**What needs to be done**
Reproduce the data below exactly as written. Pictures do not belong in the copy.

*** Opening Data block ***

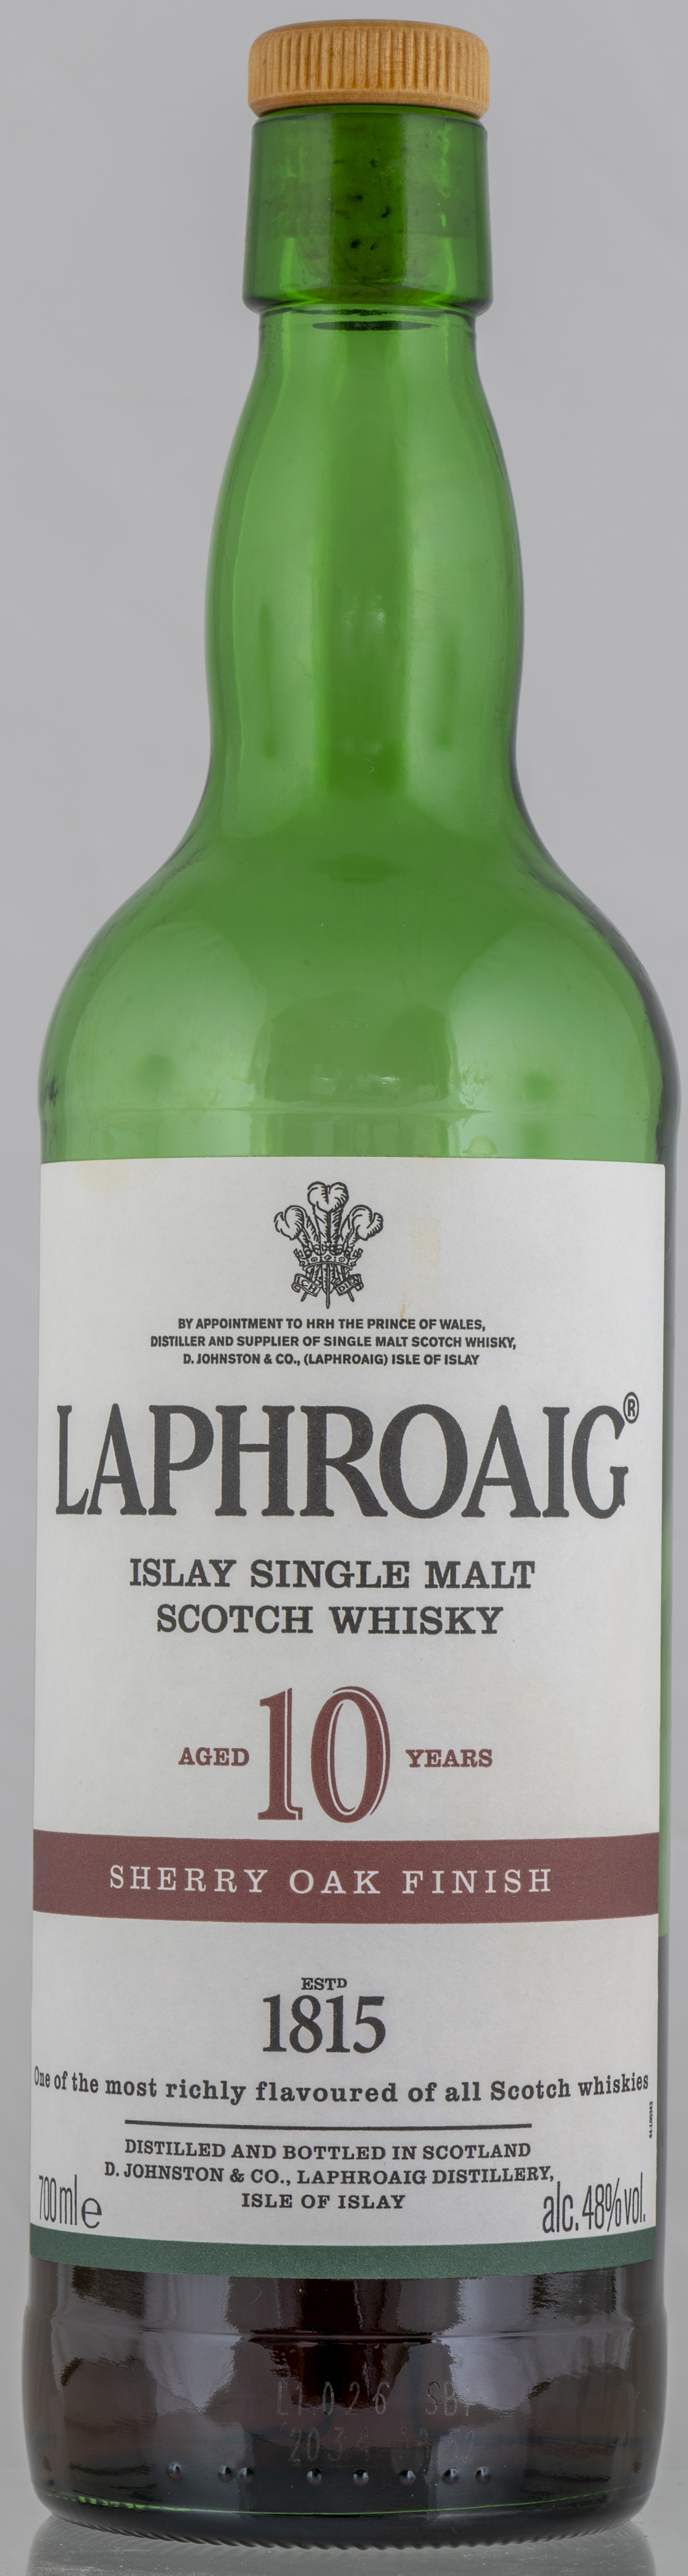 Billede: PHC_7249 - Laproaig 10 Sherry Oak Finish - bottle front.jpg
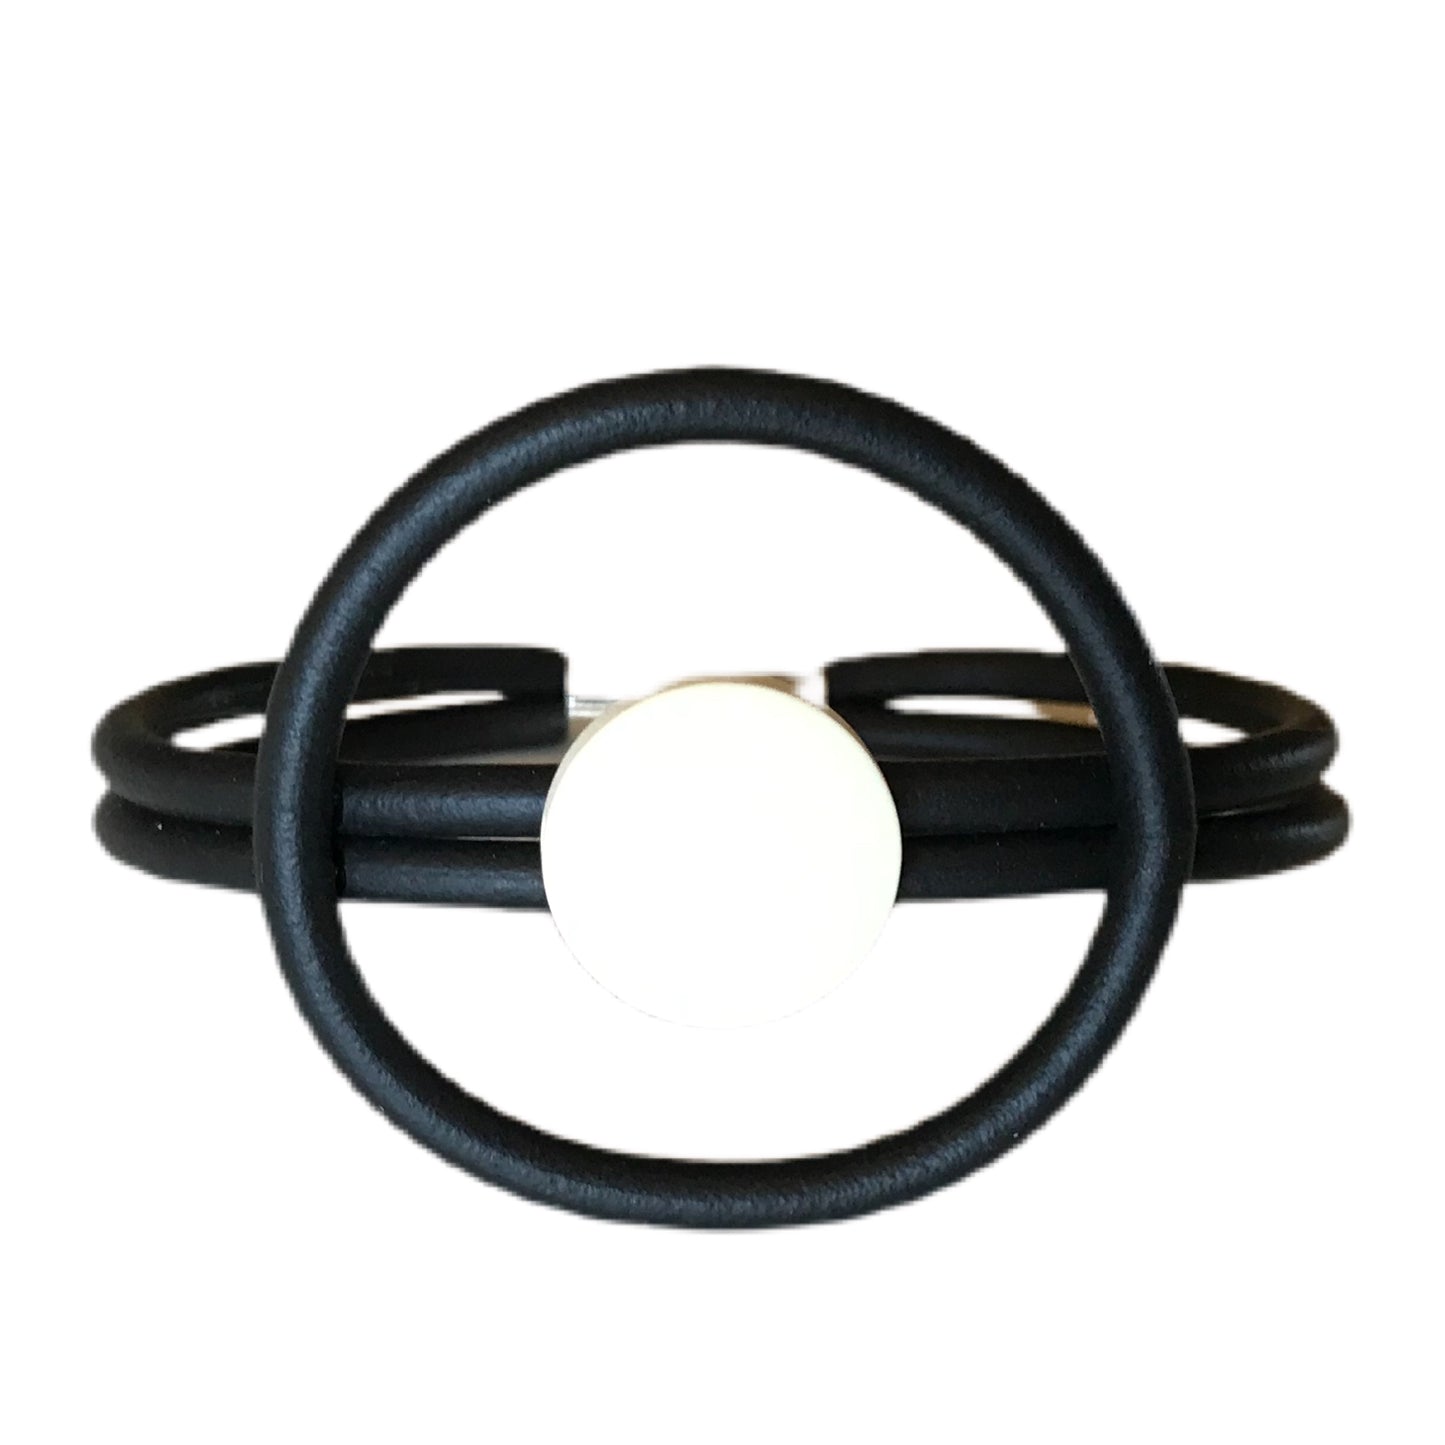 Op-Art Collection Foam Black Bracelet with White Dot Center
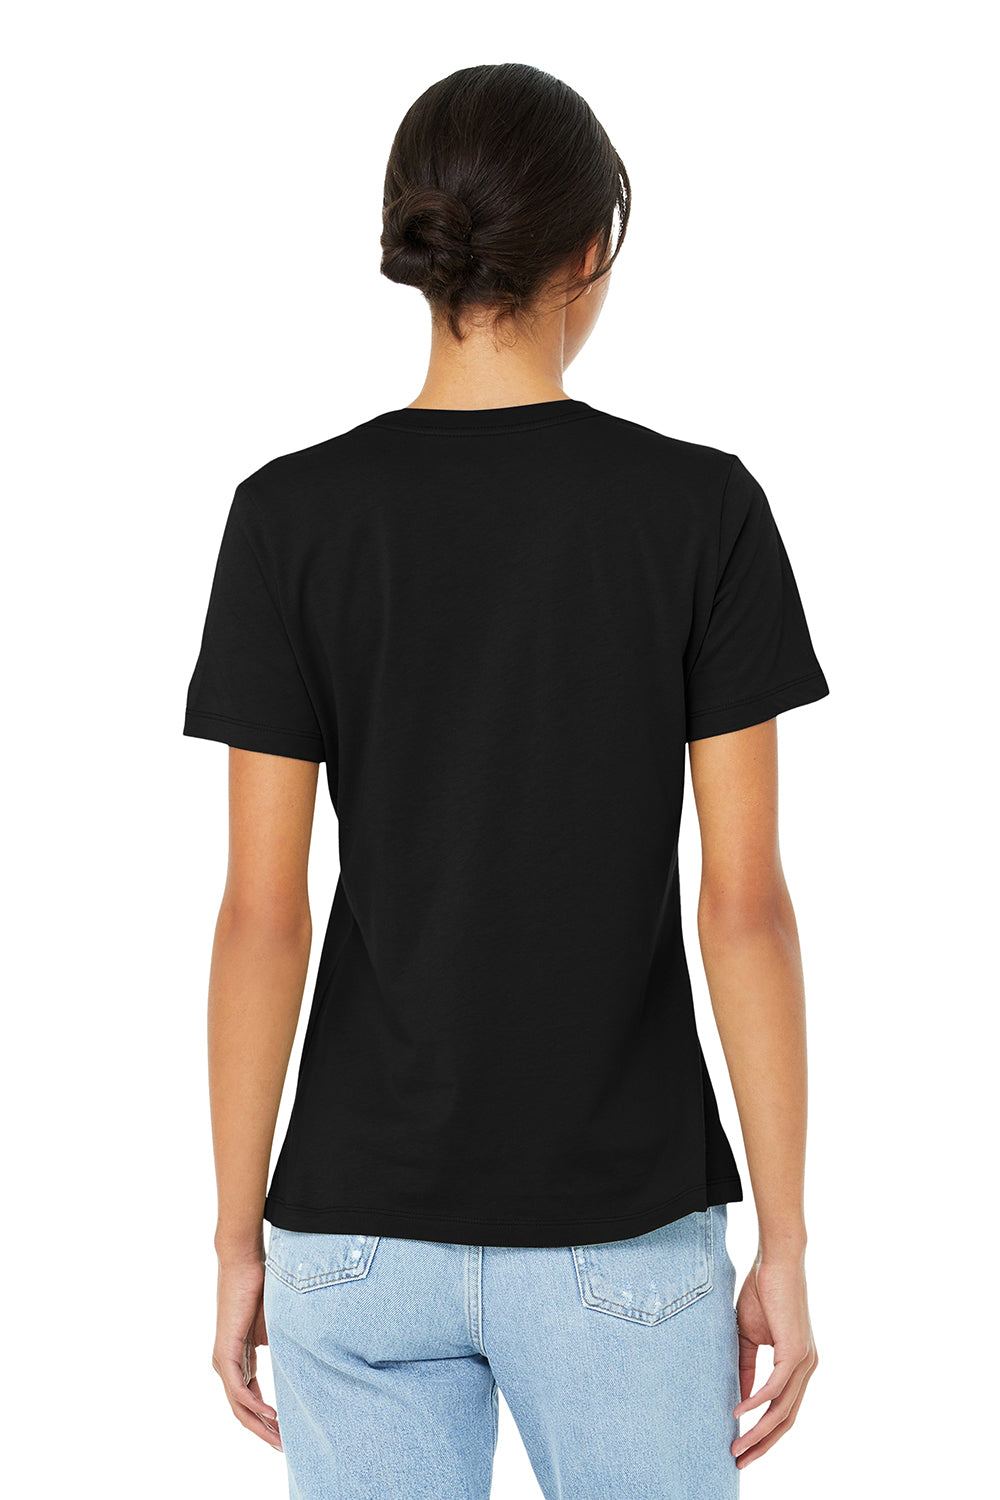 Bella + Canvas BC6400CVC/6400CVC Womens CVC Short Sleeve Crewneck T-Shirt Solid Black Model Back
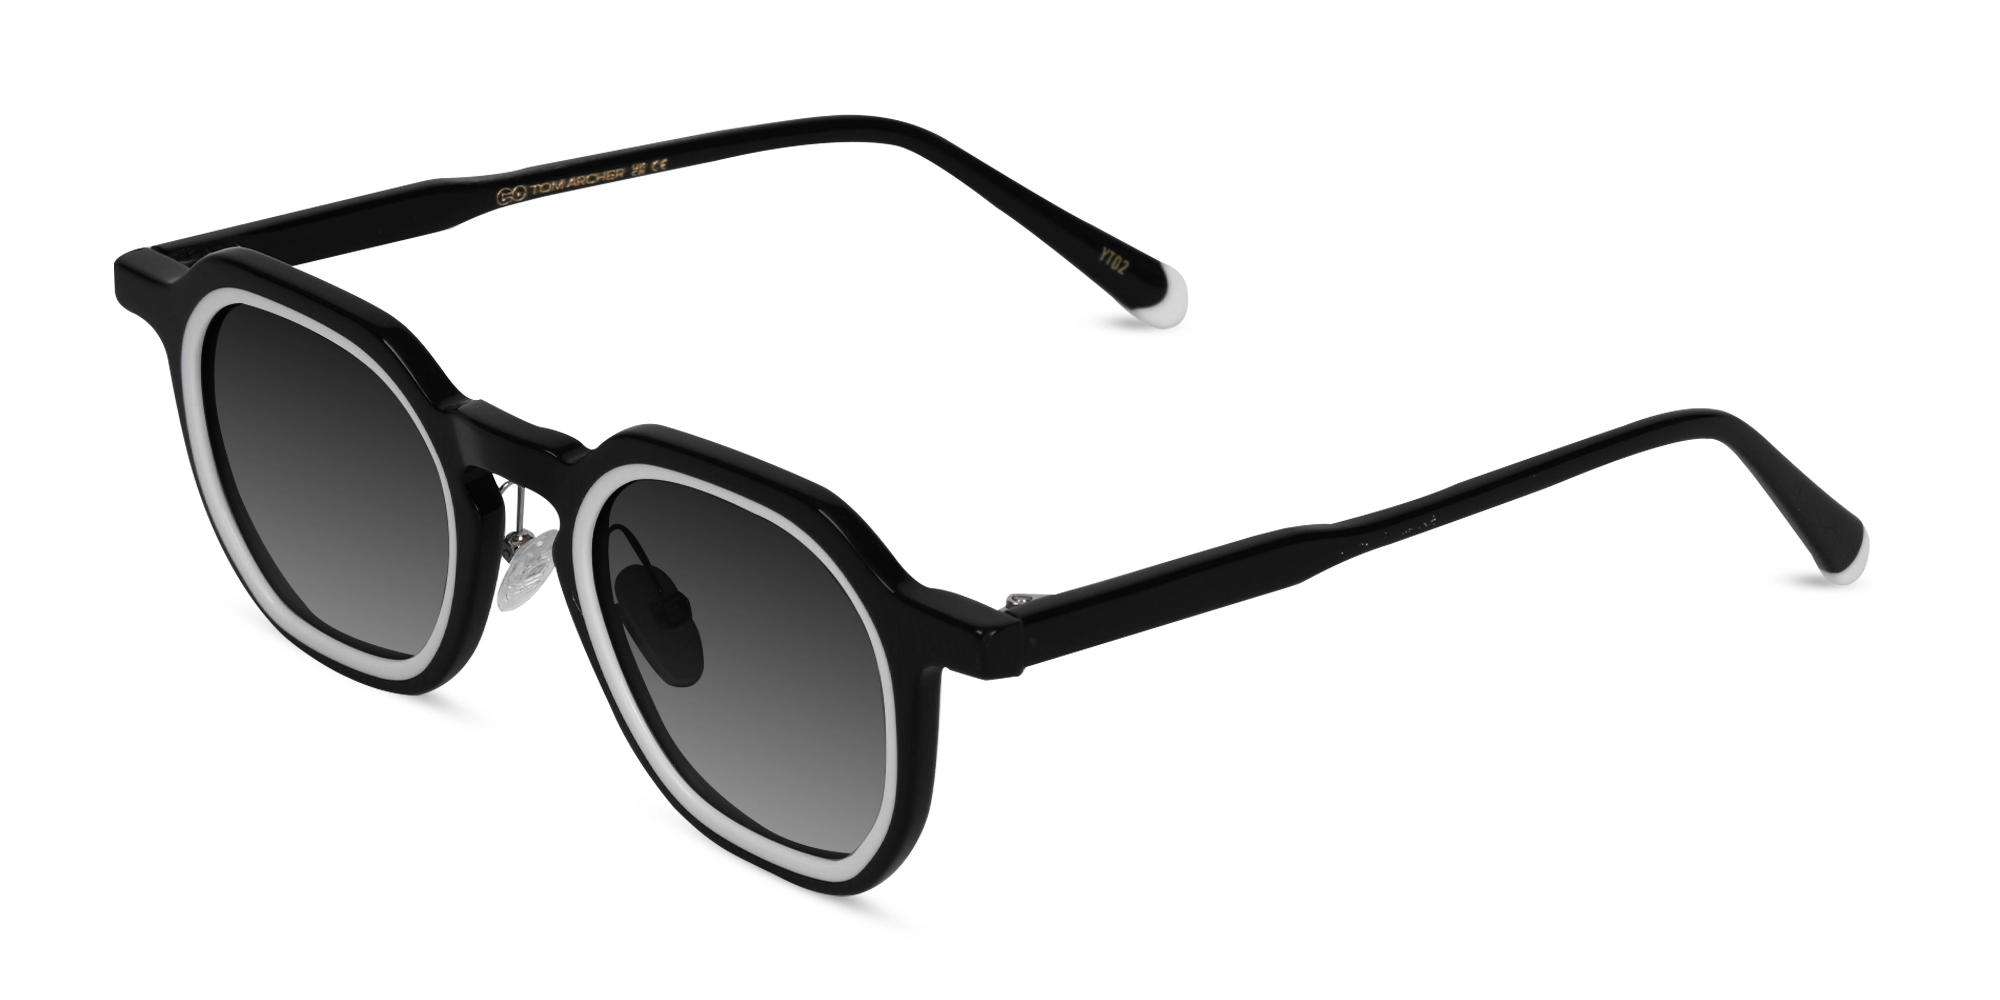 Black And White Designer Sunglasses

*** Closing Data block ***

**Solution to the problem**
 Billede: PHC_7249 - Laproaig 10 Sherry Oak Finish - bottle front.jpg
 Op-Art Collection Foam Black Bracelet with White Dot Center
 Bella + Canvas BC6400CVC/6400CVC Womens CVC Short Sleeve Crewneck T-Shirt Solid Black Model Back
 Black And White Designer Sunglasses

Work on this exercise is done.